It begins by mimicking the application process Harvard students have already grown comfortable with. “It’s doing a process that you’ve done a billion times before,” explains Dylan Matthews, a Harvard senior. “Everyone who goes to Harvard went hard on the college application process. Applying to Wall Street is much closer to that than applying anywhere else is. There are a handful of firms you really care about, they all have formal application processes that they walk you through, there’s a season when it all happens, all of them come to you and interview you where you live.

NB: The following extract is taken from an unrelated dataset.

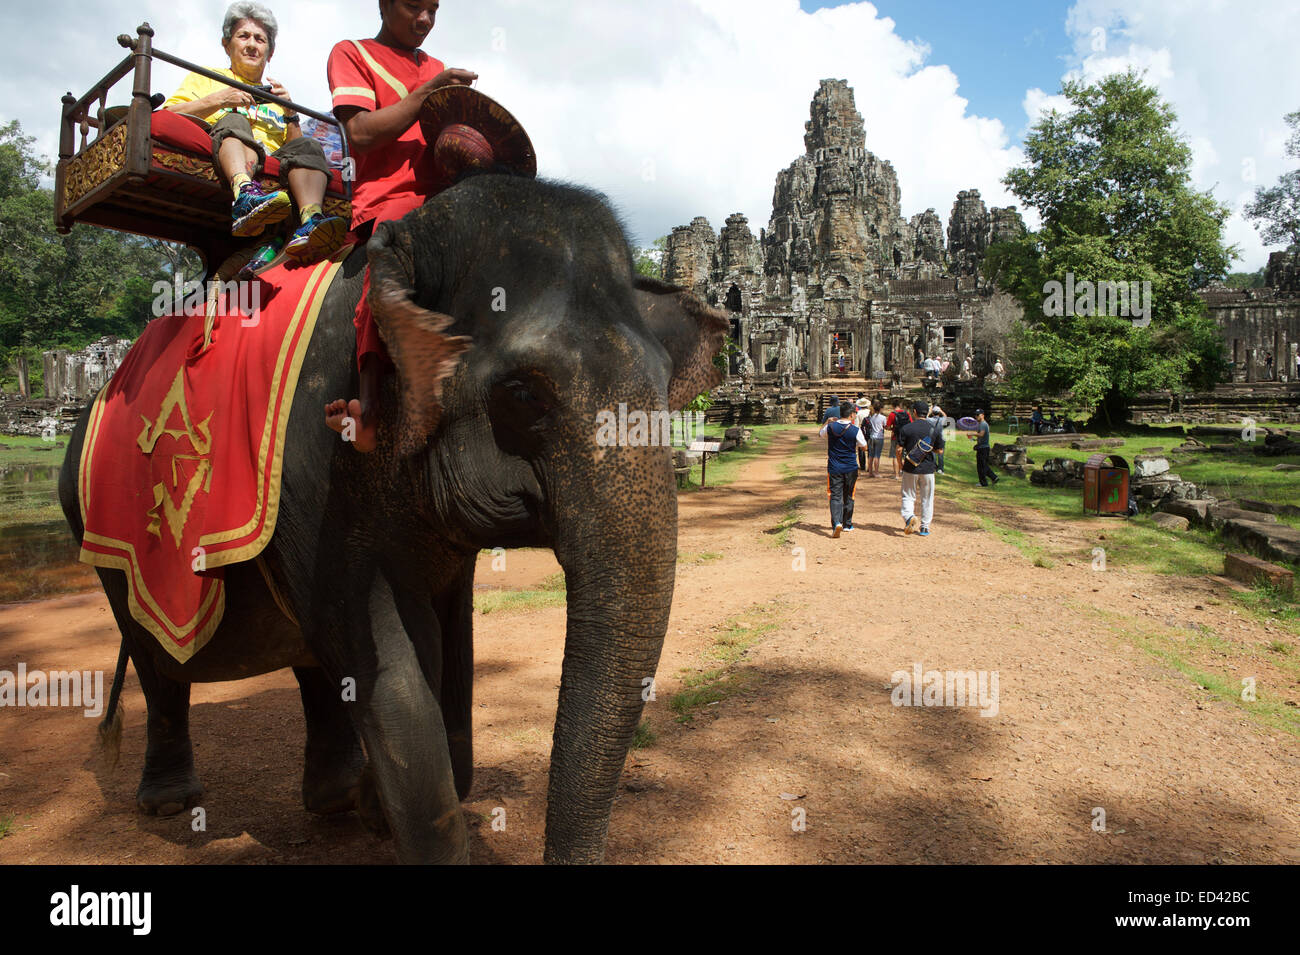 ANGKOR WAT, Kambodscha - 30. Oktober 2014: Touristen ein Elefantenritt auf einem Howdah Stuhl, eine umstrittene Praxis. Stockfoto
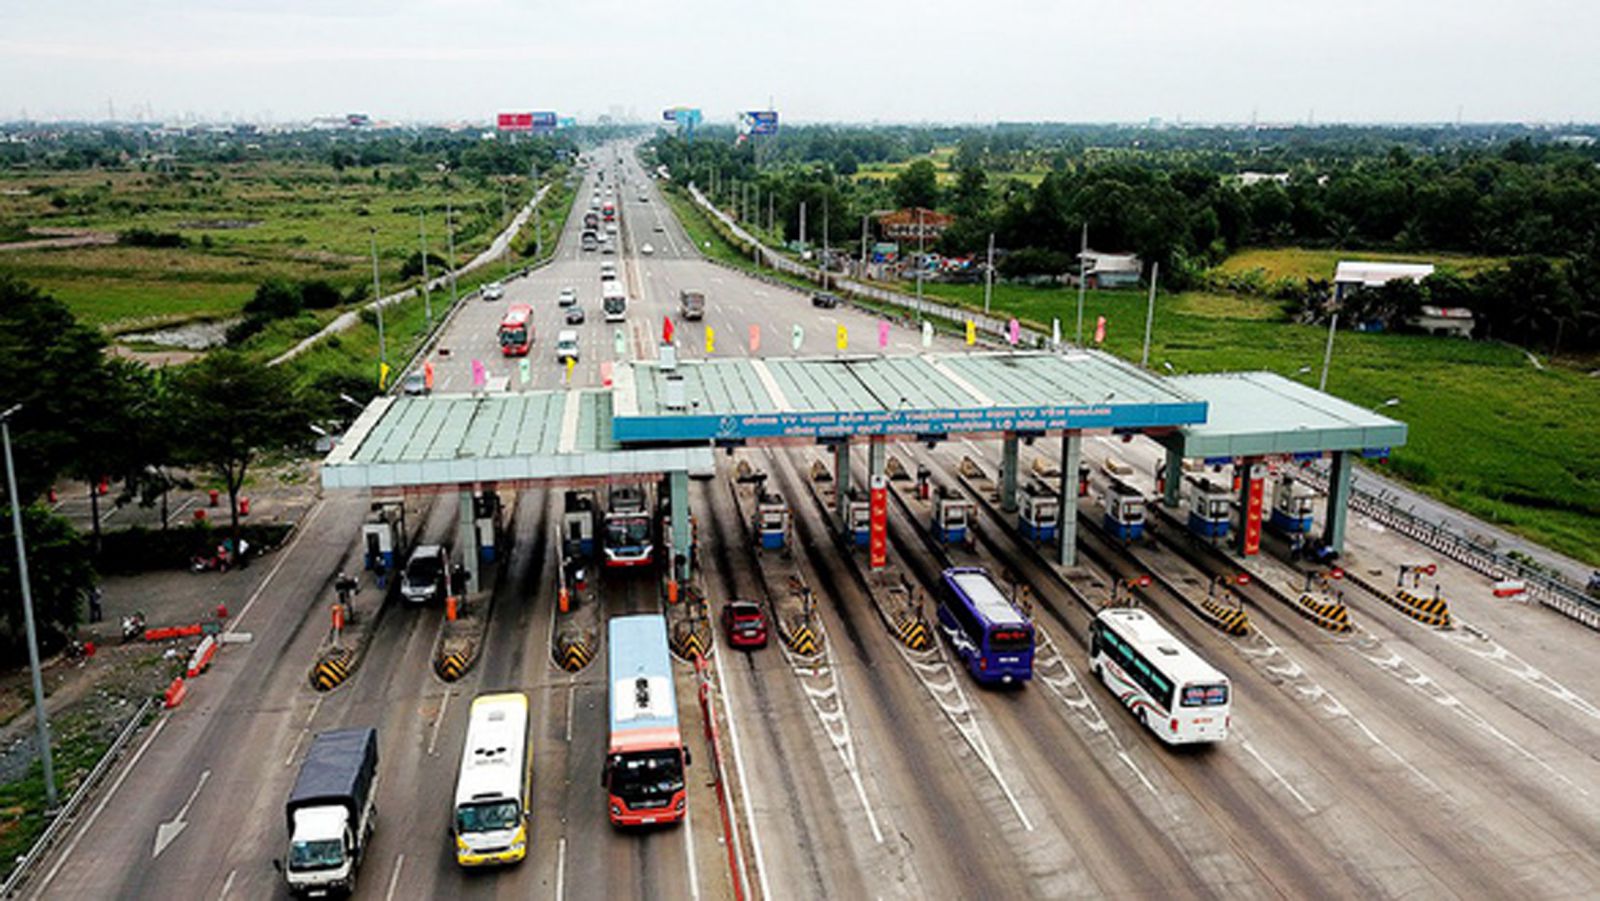  Sau khi tạm ngưng thu phí, lưu lượng xe trên tuyến cao tốc TP Hồ Chí Minh - Trung Lương này tăng đột biến gây lãng phí một nguồn lực lớn.

Harvard students are really good at formal processes like that, and they’re less good at going on Monster or Craigslist and sorting through thousands of job listings from thousands of companies whose reputations they don’t know. Wall Street and consulting (and Teach for America, too) turn applying to jobs into applying to college, more or less.”

Yet that’s only half of it. A bigger draw, explained a recent Harvard graduate who majored in social science and worked at Goldman Sachs for two years, is how Wall Street sells itself to potential applicants: As a low-risk, high-return opportunity that they can try for a few years and, whether they like it or hate it, use to acquire real skills to build careers.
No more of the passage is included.